With the relief behind you, walk up Monument Street, turning right on London Bridge and crossing two sets of lights to go diagonally left up King William Street. Walk up to the end, turning left at Bank Junction and passing the six huge stone columns of the Mansion House. Then turn left onto Walbrook for a fine view of St Stephen’s church.
39 Walbrook, EC4N 8BN. Nearest Tube: Bank Junction or Mansion House.
This parish church, with its fine interior geometry and airy dome, was the first to be rebuilt by Wren after the Great Fire. It can trace its roots to AD1090 and before that may have been on the site of a Roman temple, the Mithraeum, now open for visits beneath the Bloomberg Building opposite. Look for the pulpit sounding board and exterior plaque to its vicar, Chad Varah, who founded The Samaritans in 1953.
With your back to the church, walk diagonally right on Bucklersbury, passing the beige Bloomsburg Building to turn left opposite stripey No 1 Poultry.
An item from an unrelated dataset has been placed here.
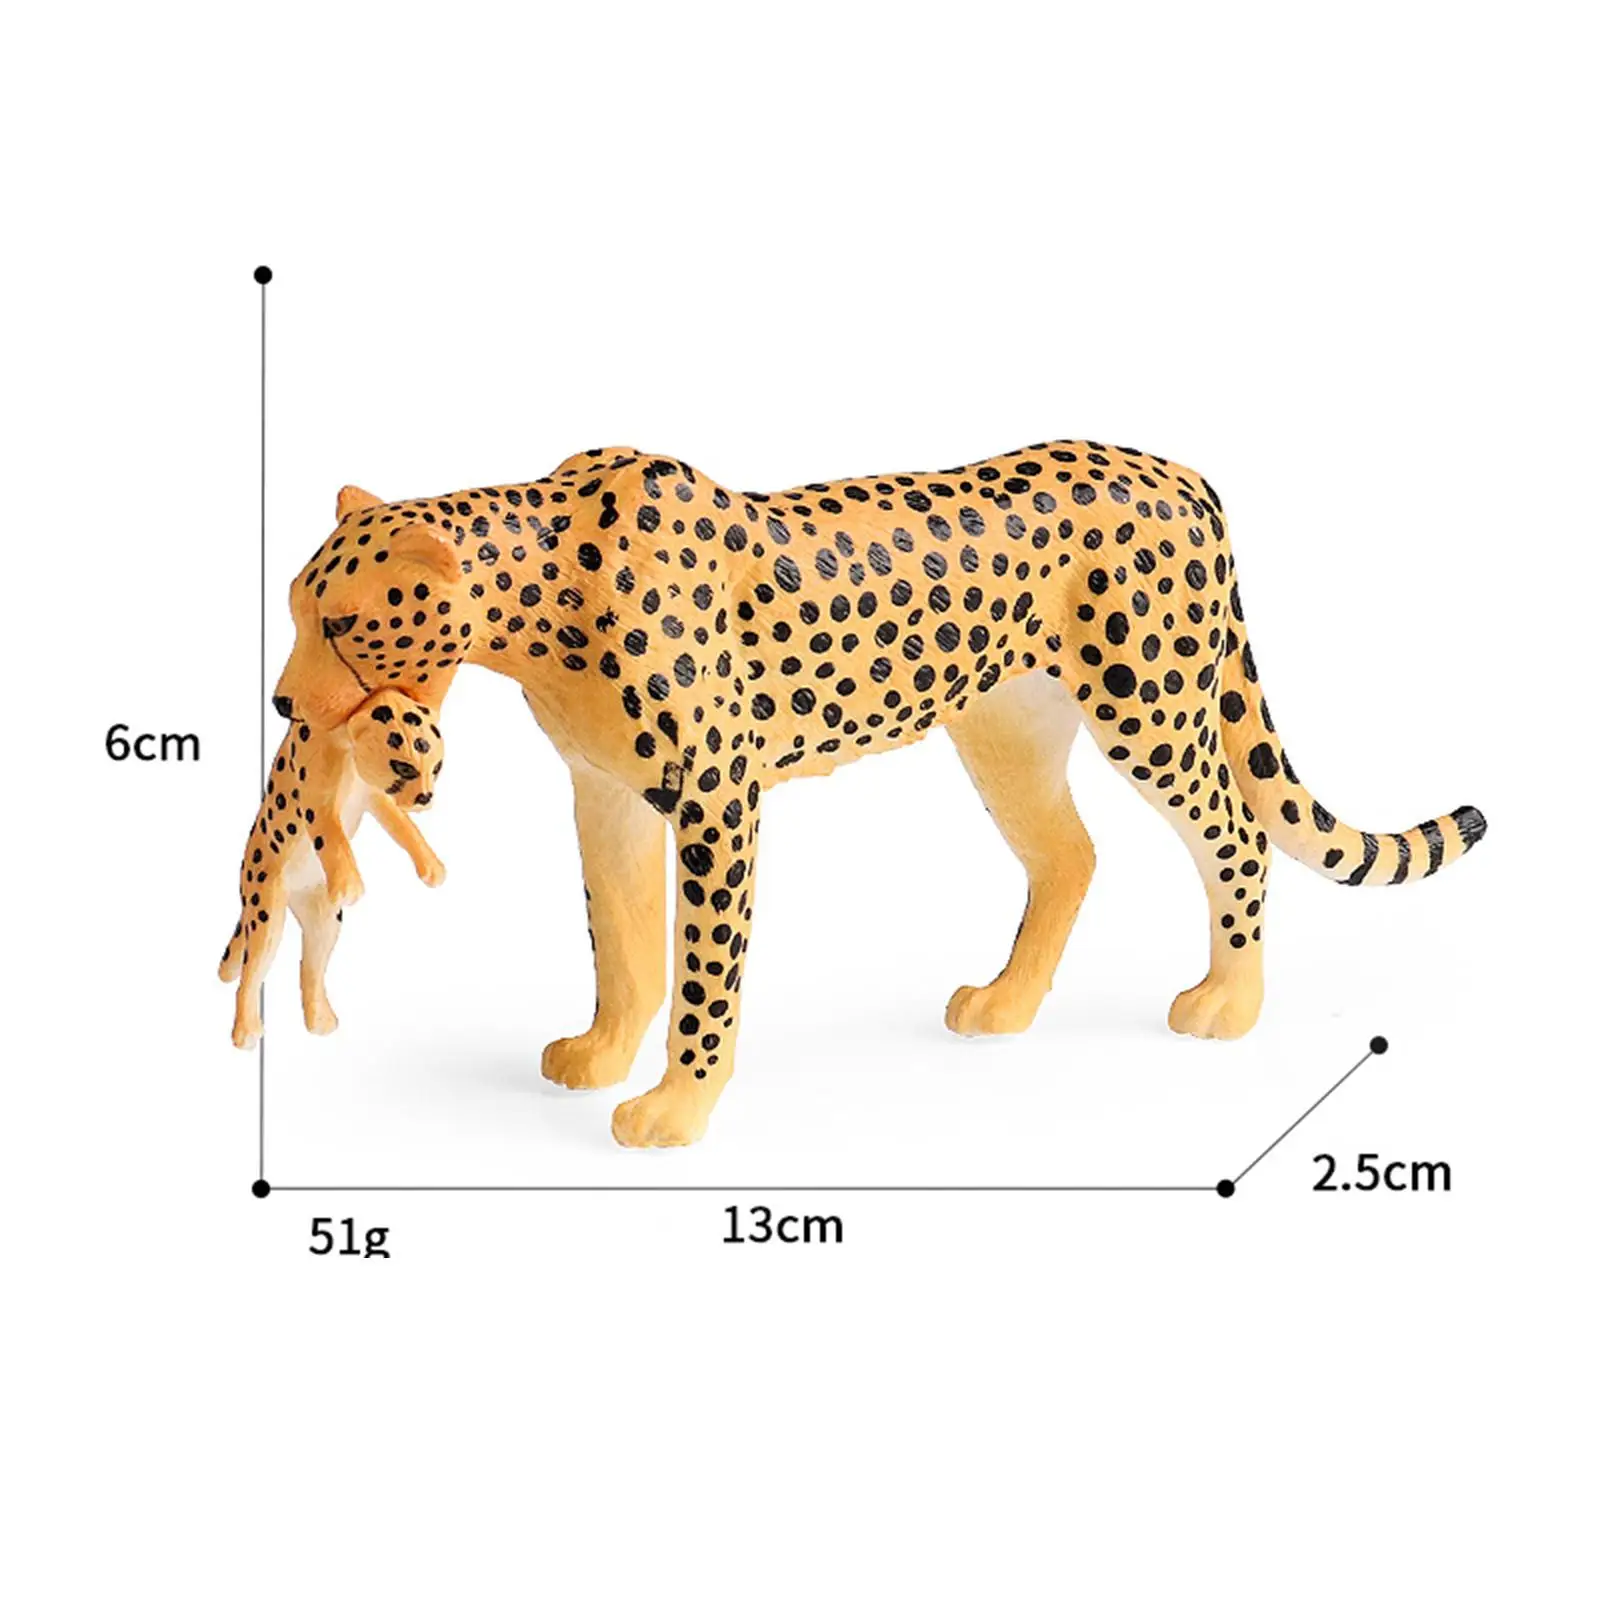 Leopard Figurine Preschool Realistic Wildlife Animal Statue for Holiday Gift
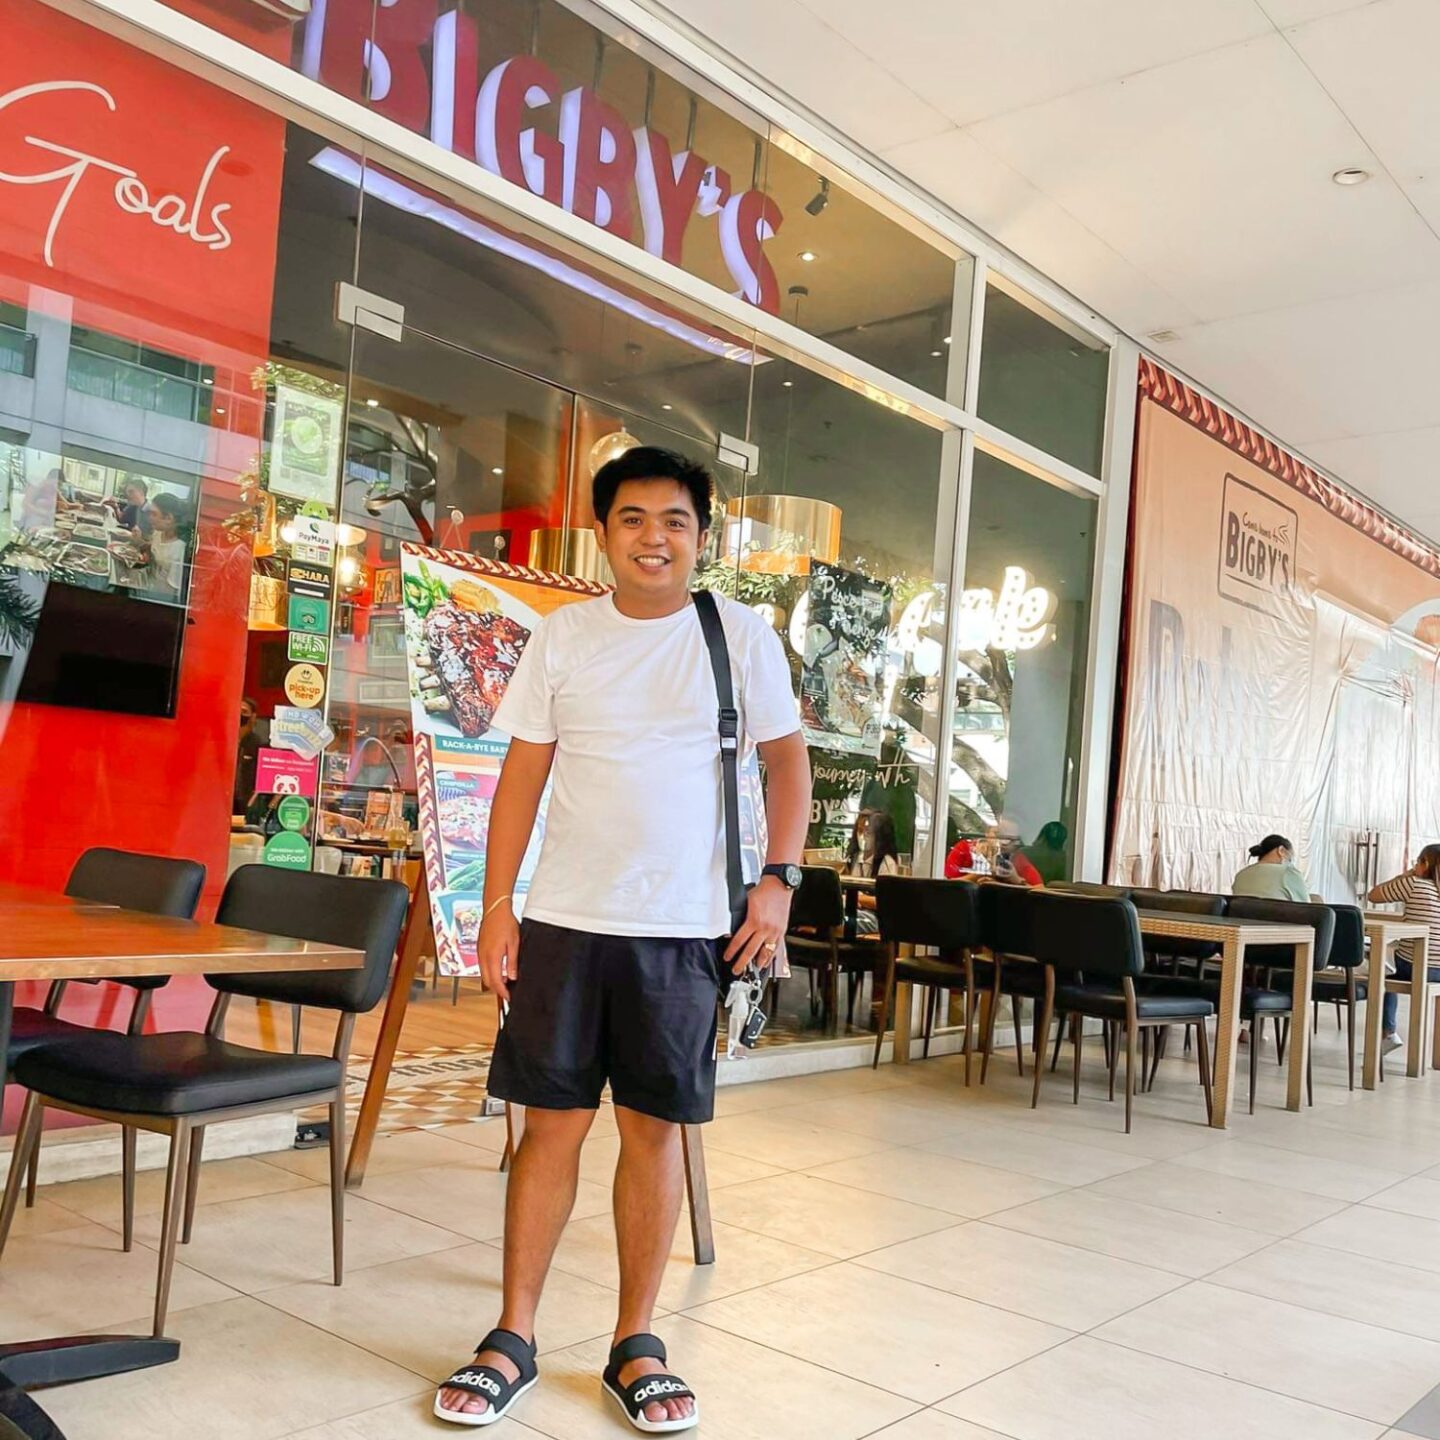 Top 10 Restaurants Must-Visit in Cagayan De Oro City

Follow Queen Victoria Street downhill, past Mansion House Tube and St Nicholas Cole Abbey to reach St Peter’s Hill (pedestrianised) on your right, with a magnificent view of St Paul’s.
Walk up the hill towards the south front of cathedral (particularly lovely in afternoon light), looking high up above the side porch for a semi-circular relief of a phoenix: the bird that, as every Harry Potter fan knows, regenerates through fire. Wren used it as a symbol of hope on his masterpiece of the English Baroque, rising out of the ashes as a Christian symbol of resurrection, life overcoming death, and God’s kingdom to come.
Inside St Paul’s, itself the greatest triumph to arise from the destruction of the Great Fire, you will find a monument to the firefighters who saved the cathedral, the first dome of this scale in England, and an extraordinary collection of contemporary art commissioned by the cathedral, exploring themes of death, life and reconstruction.